Jill Biden logra con sus memorias alargar la imagen impecable que proyectó durante la presidencia y en la que no quiso nunca entrometerse en los asuntos capitales del gobierno de su marido. Ni siquiera cuestionó los informes sobre su salud, escribiendo que "siempre ha sido la naturaleza de nuestra relación mantener un velo de discreción en torno a la salud personal".

Curioso si se tiene en cuenta el estado del ex presidente en esos últimos meses de mandato o la muerte de Beau Biden por un tumor cerebral en 2015. Eso, además del largo historial de adicciones de otro de los miembros de la familia, Hunter, la oveja negra del clan, condenado por la compra de un arma mientras consumía drogas y por nueve delitos de evasión fiscal y a quien su padre tuvo que perdonar antes de abandonar la Casa Blanca.

Críticas

El libro ha generado reacciones y unas cuantas críticas, no solo de la bancada republicana, que era de esperar, sino de miembros del propio Partido Demócrata. Andrew Bates, que ejerció de portavoz adjunto del presidente Biden, indicó que el libro devuelve el recuerdo sobre un episodio oscuro en la historia del partido, sumido en una batalla crucial por recuperar el control de ambas cámaras del congreso en las elecciones de noviembre. "Teníamos el deber de ganar y no lo hicimos. No veo por qué había que volver a sacar a relucir ese tema tan doloroso para el partido ahora mismo", dijo Bates.

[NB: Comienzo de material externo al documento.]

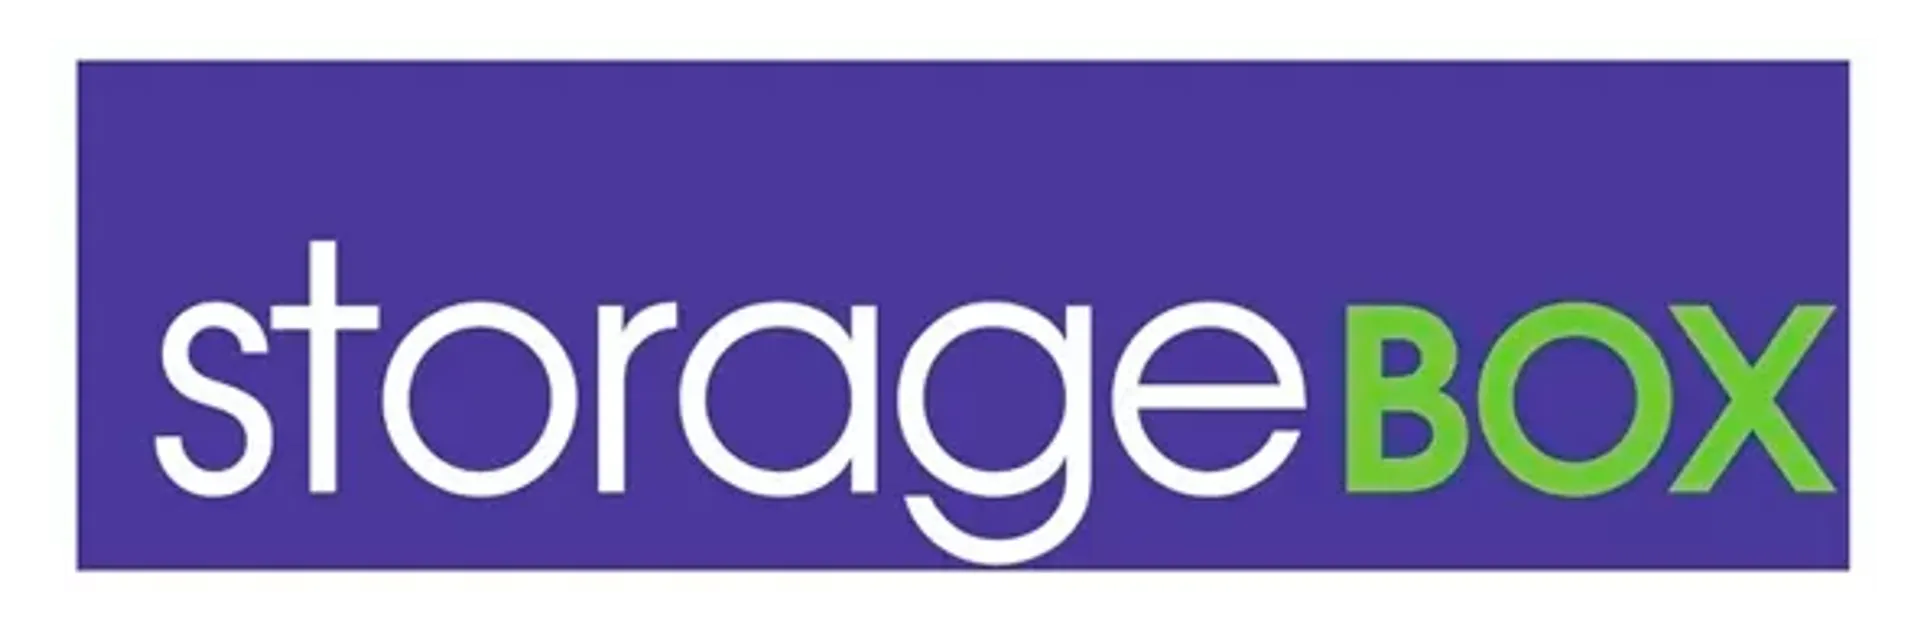 STORAGE BOX logo current weekly ad

La ex primera dama no dudó en contestar ante un foro lleno a reventar en Washington como parte de su gira promocional de su obra. "Solo quiero decir que mi libro tiene un capítulo sobre las heridas políticas. Uno", indicó. "El resto contiene mis reflexiones sobre los cuatro años en la Casa Blanca. Hay muchos desafíos, sí. Pero déjame decirte, hay mucha alegría en él. Así que quiero decirle a Andrew: Llámame. Si alguien tiene algo que decir, que me lo diga a la cara", remató desafiante.

No faltan los dardos para Trump, empezando con el título del libro, que se refiere a la parte de la Casa Blanca donde tenía su despacho la primera dama y que ahora ha sido demolida para hacer frente a la obra faraónica que pretende acometer el presidente republicano, un salón de baile inmenso de 8.400 metros cuadrados que ha recibido un aluvión de críticas.

De él se acordó en su último día en la residencia presidencial, el día de la ceremonia inaugural del republicano. Aprovechó el frío gélido de esa mañana en Washington para escribir un mensaje en el vaho de la ventana. Solo ella sabe lo que dejó escrito. Discreta hasta en sus memorias.